There are of course other things that would apply to any project. Good project management to ensure that you understand the critical path, with clear milestones to avoid doing too many things at once. A clear idea of how you will finance the project beyond the immediate next steps. A good comms team to explain what you are doing. This is perhaps more important than you might normally expect because of the potential complexity of this type of project.
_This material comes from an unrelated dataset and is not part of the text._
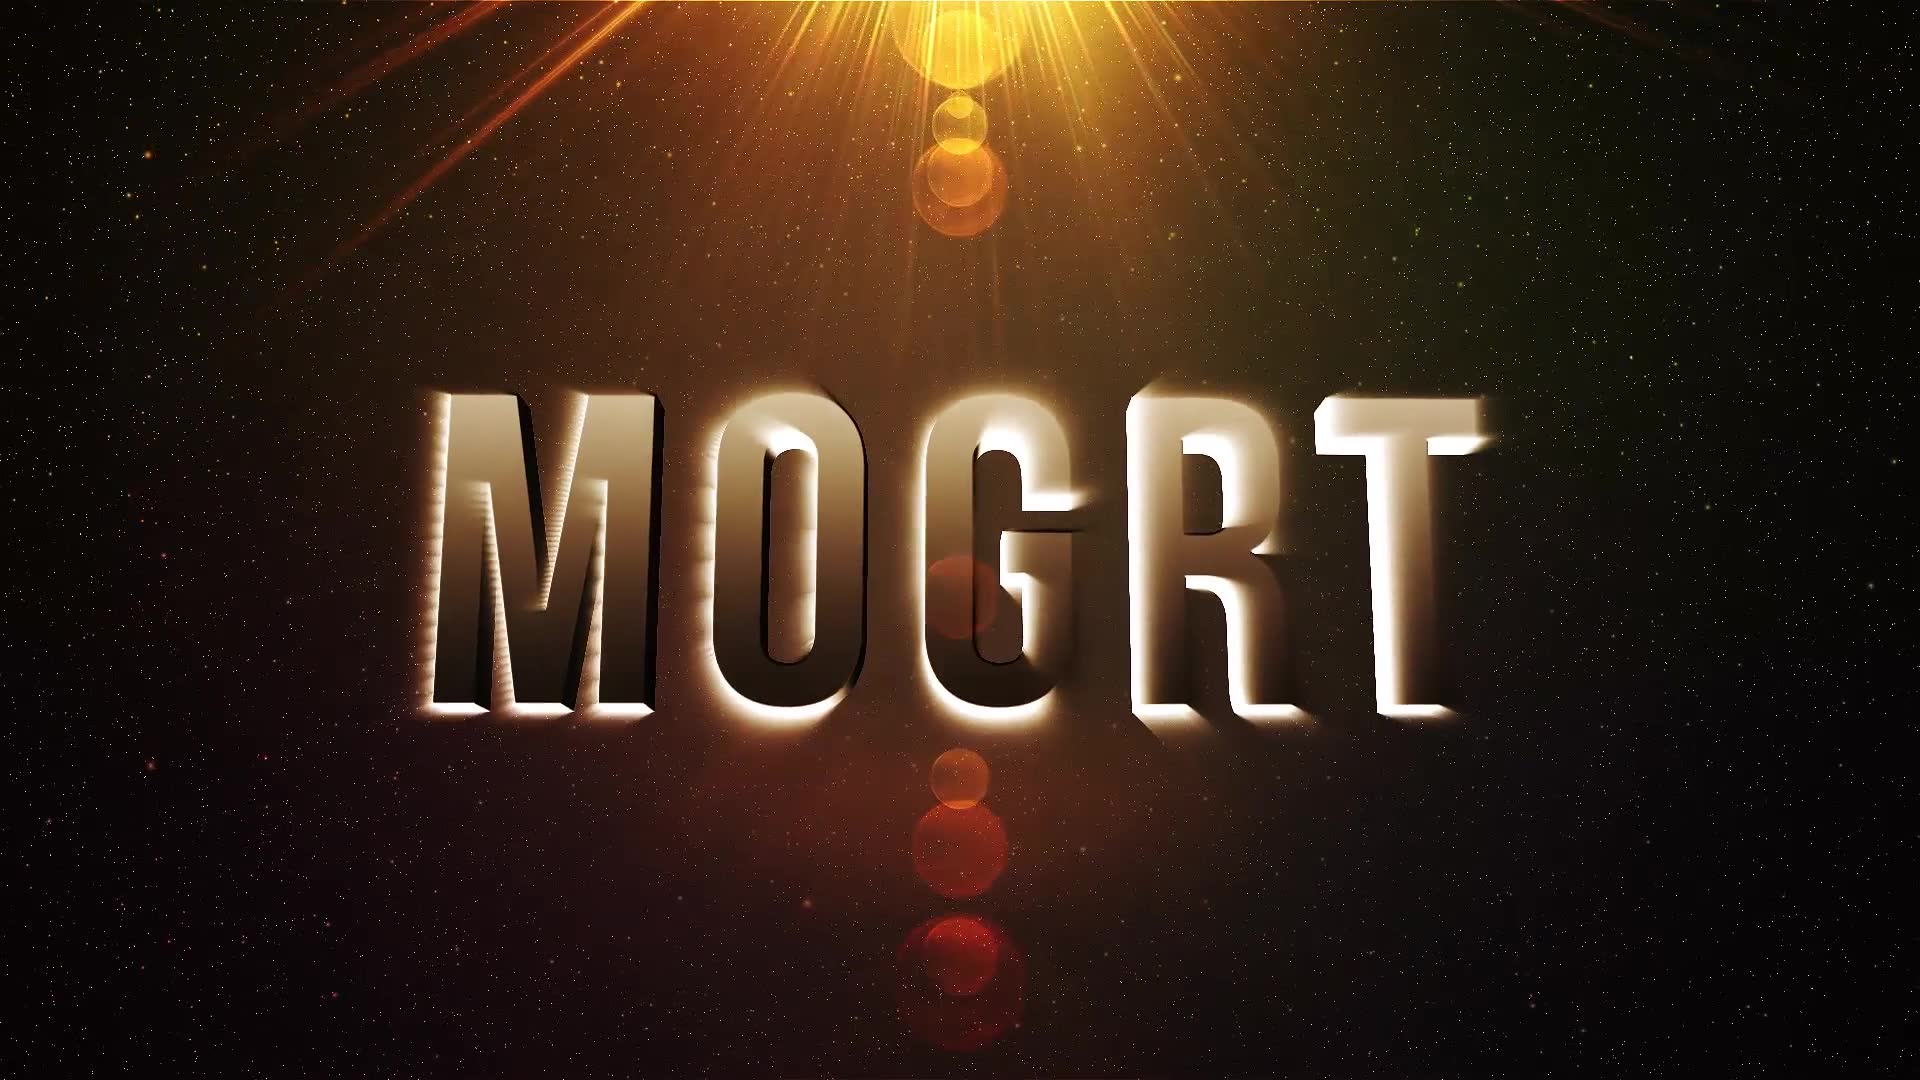 Epic Title Intro (mogrt) Videohive 23516202 Premiere Pro Image 6

One other thing that I would emphasize based on CMCL’s experience in CReDo is the importance of synthetic data which provides a way to support public dissemination of the project. It also provides a mechanism to show worked examples of things within the project team, not all of whom may have permission to see sensitive data. There are benefits to developing and testing solutions without the constraints imposed by sensitive data. This could range from starting work to developing code while data license arrangements are still being negotiated, to testing mocked-up products with prospective users. One caveat is to be careful of relying too heavily on synthetic data for testing code because the real world is bound to throw up the occasional surprise.

The final thing that I would like to mention is trust. CReDo has enormously benefitted from having assembled a fantastic and effective team. One of the key elements of this effectiveness is the trust that has been developed within the team. The building of trust is a process, and it takes time. It is perhaps no coincidence that the CReDo project has proceeded via discrete (12 month) stages, allowing time for the trust to develop, and building the confidence of the team to undertake more ambitious challenges together.